EXERCISE: Copy nothing but the lines below, from the one with "Сорочка для мальчиков" through the one with "دليل الطالب الجامعي", exactly as written; no pictures should appear.

LISTED RECORDS:
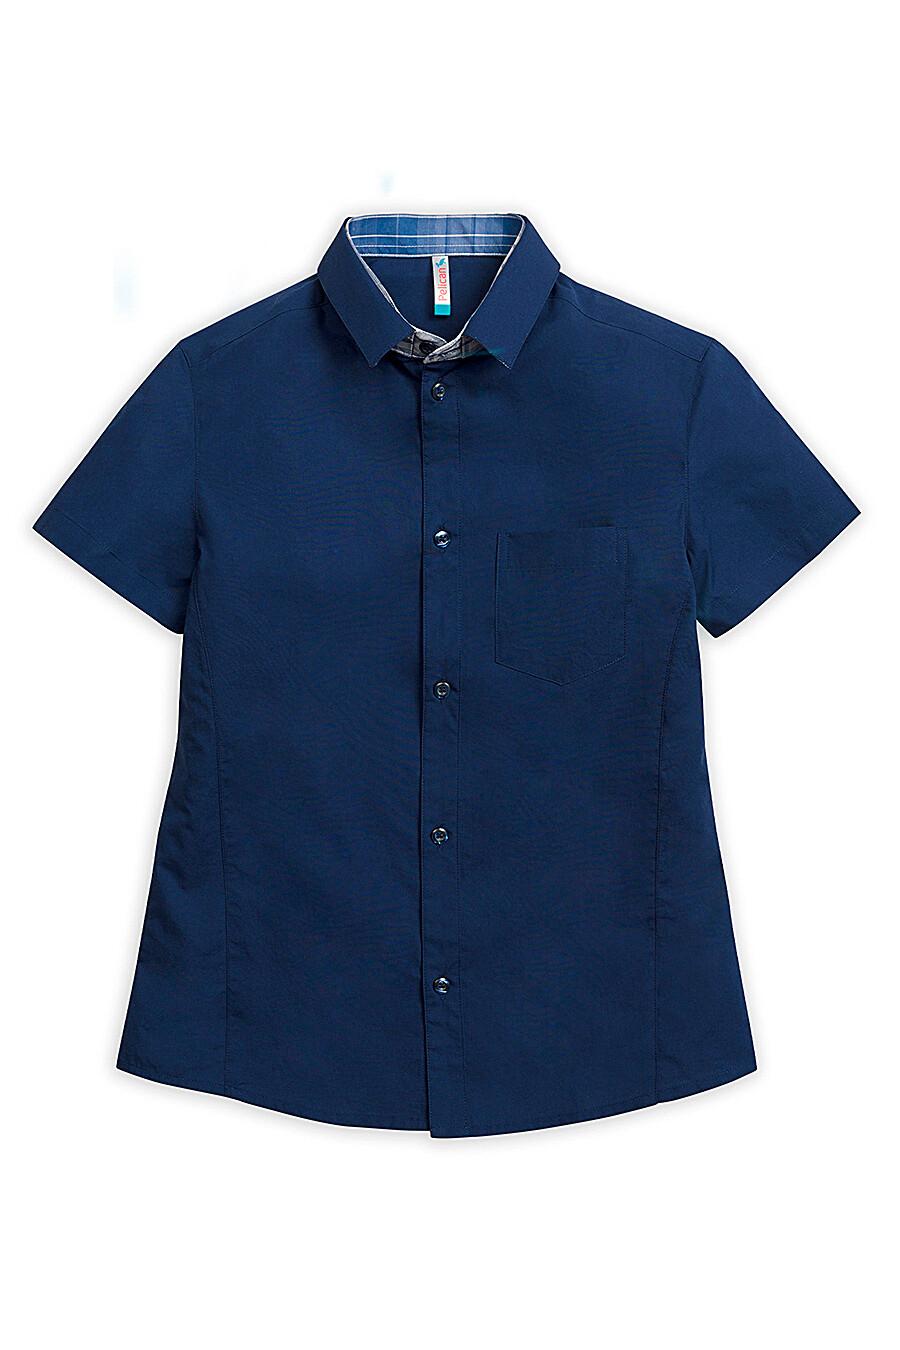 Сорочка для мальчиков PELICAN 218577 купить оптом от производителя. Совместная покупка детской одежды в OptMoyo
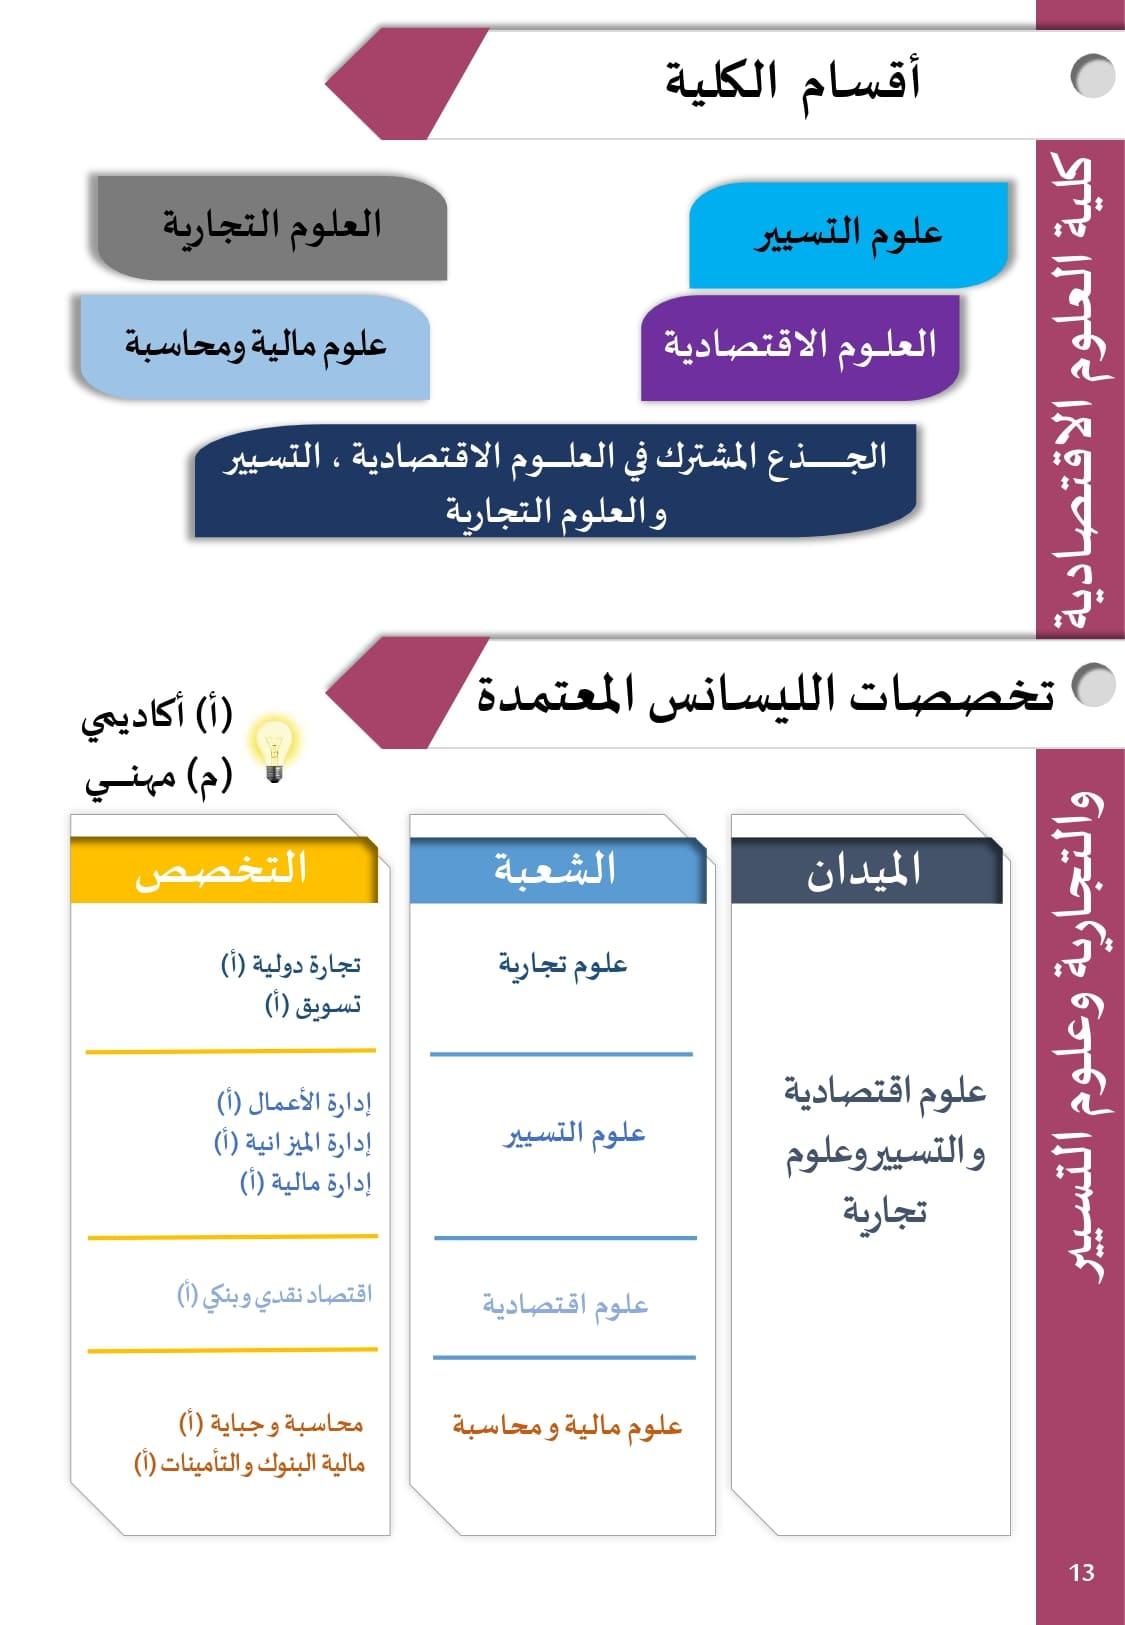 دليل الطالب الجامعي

...

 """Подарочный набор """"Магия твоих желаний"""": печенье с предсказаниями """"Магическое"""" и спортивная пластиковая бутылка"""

RESPONSE:
 Сорочка для мальчиков PELICAN 218577 купить оптом от производителя. Совместная покупка детской одежды в OptMoyo
 دليل الطالب الجامعي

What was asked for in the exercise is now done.